Among the key findings:

  1. More than 94% of Latino children in California are U.S. citizens. * More than 370,000 Latino children in the state have no health insurance, despite being eligible for government-funded programs. Undocumented immigrants may avoid enrolling their children, the majority of whom are U.S. citizens, in programs out of fear the family's immigration status will be discovered in the process. Limited English proficiency may also contribute to a lack of knowledge or understanding about eligibility and the enrollment process.
  2. One in four Spanish-speaking households in California is considered "linguistically isolated," meaning that no one in the household age 14 or older is conversant in English. Spanish-speaking parents of young children may have difficulty navigating and engaging in their child's school and the health care system, resulting in increased health risks for their children.
  3. More than 30% of Latino children from linguistically isolated (primarily Spanish-speaking) households live in a "poor working" household, with parents who have incomes less than 100% of the federal poverty level despite full-time employment.
  4. About 58% of Latino children from linguistically isolated households use a community or government clinic or a community hospital as a usual source of care, a much higher rate of use than white children (15.3%) or Latino children from English-speaking households (17.9%).
  5. Latino children fare as well as or better than white children when it comes to family practices that indicate a home environment that promotes children's health. For example, Latino children from primarily Spanish-speaking households eat meals together with their family every day more often than white children, and are more likely than white children to live in a household where no one smokes.

The California findings are largely consistent with those of a recently released national study of Latino children, which noted lower rates of health insurance among Latino children compared to white children and raised concerns about persistent health disparities, but also highlighted solid gains in educational achievement.

The California study's authors highlight policies that may improve the health and well-being of California's Latino children, including:

  1. Support early childhood education for every Latino child as a pathway to school readiness, educational success and better health.
  2. Increase support for community health centers in Latino communities.
  3. Increase enrollment of all eligible children in school nutrition programs, food stamps, WIC, Medi-Cal and other programs to increase access to health care and nutritious food.
  4. Support adult literacy programs and adequate translation services in the health care system to improve children's health outcomes.

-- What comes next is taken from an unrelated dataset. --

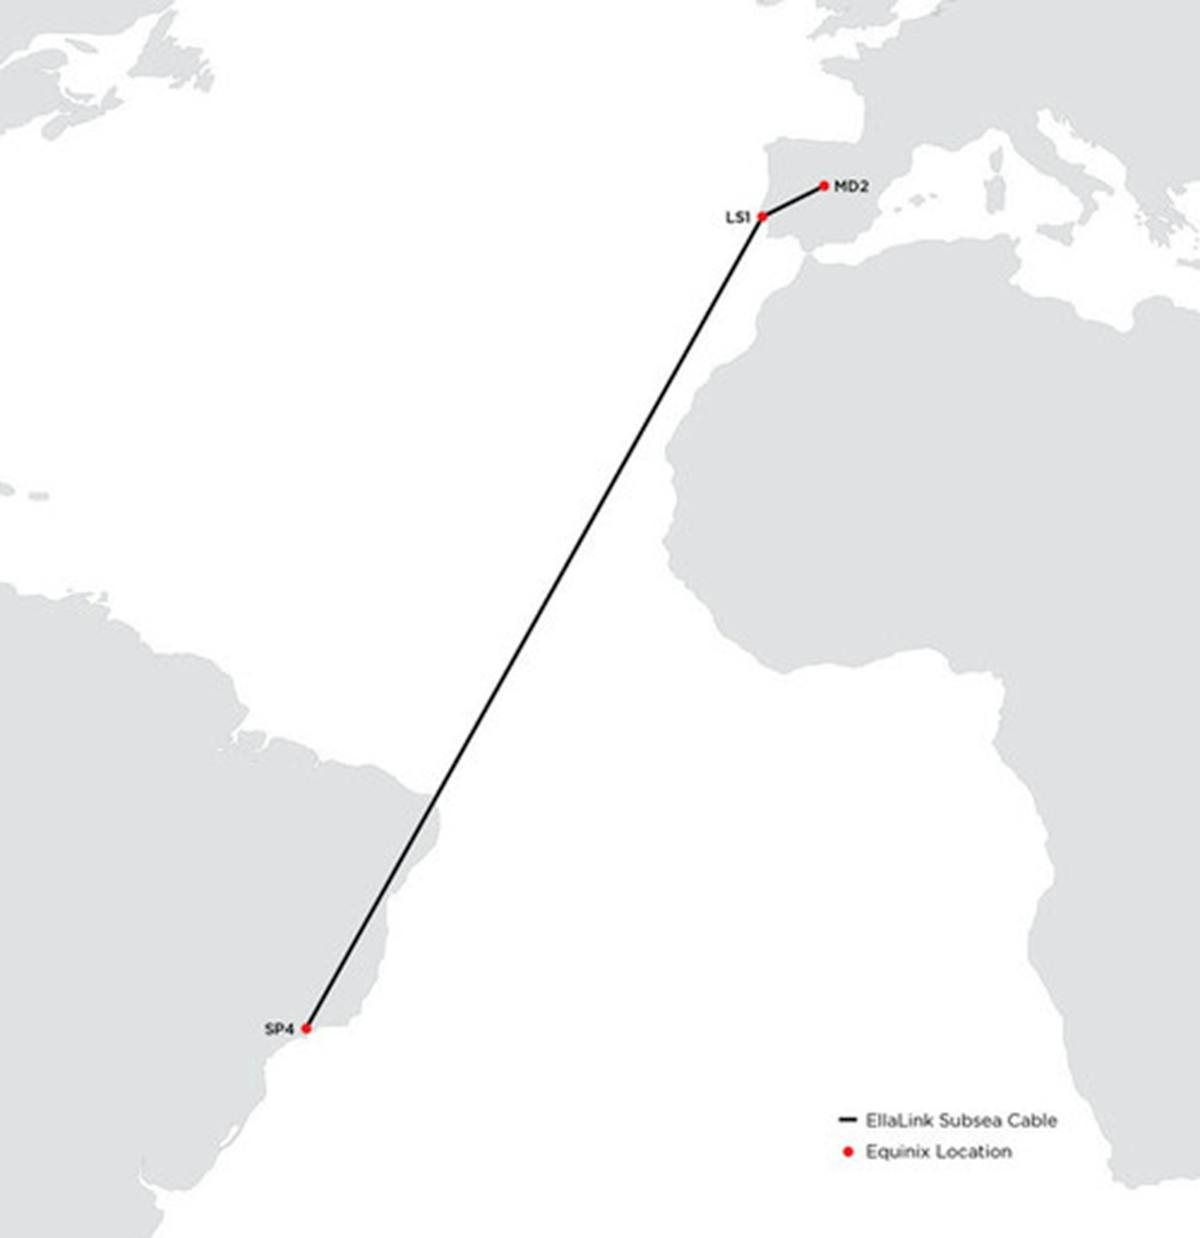 The EllaLink transatlantic submarine cable will leverage data centers from Equinix in Brazil, Portugal, and Spain.

"Latino children have the same potential for health and well-being as other children, but many face barriers to achieving that potential," said the study's lead author, Christina Bethell, director of the Child and Adolescent Health Measurement Initiative. "The goal of this report is to help identify those barriers, as well as particular strengths of California's Latino families, to help policymakers, advocates and health providers ensure a healthier future for the children who will comprise a majority of California's citizens."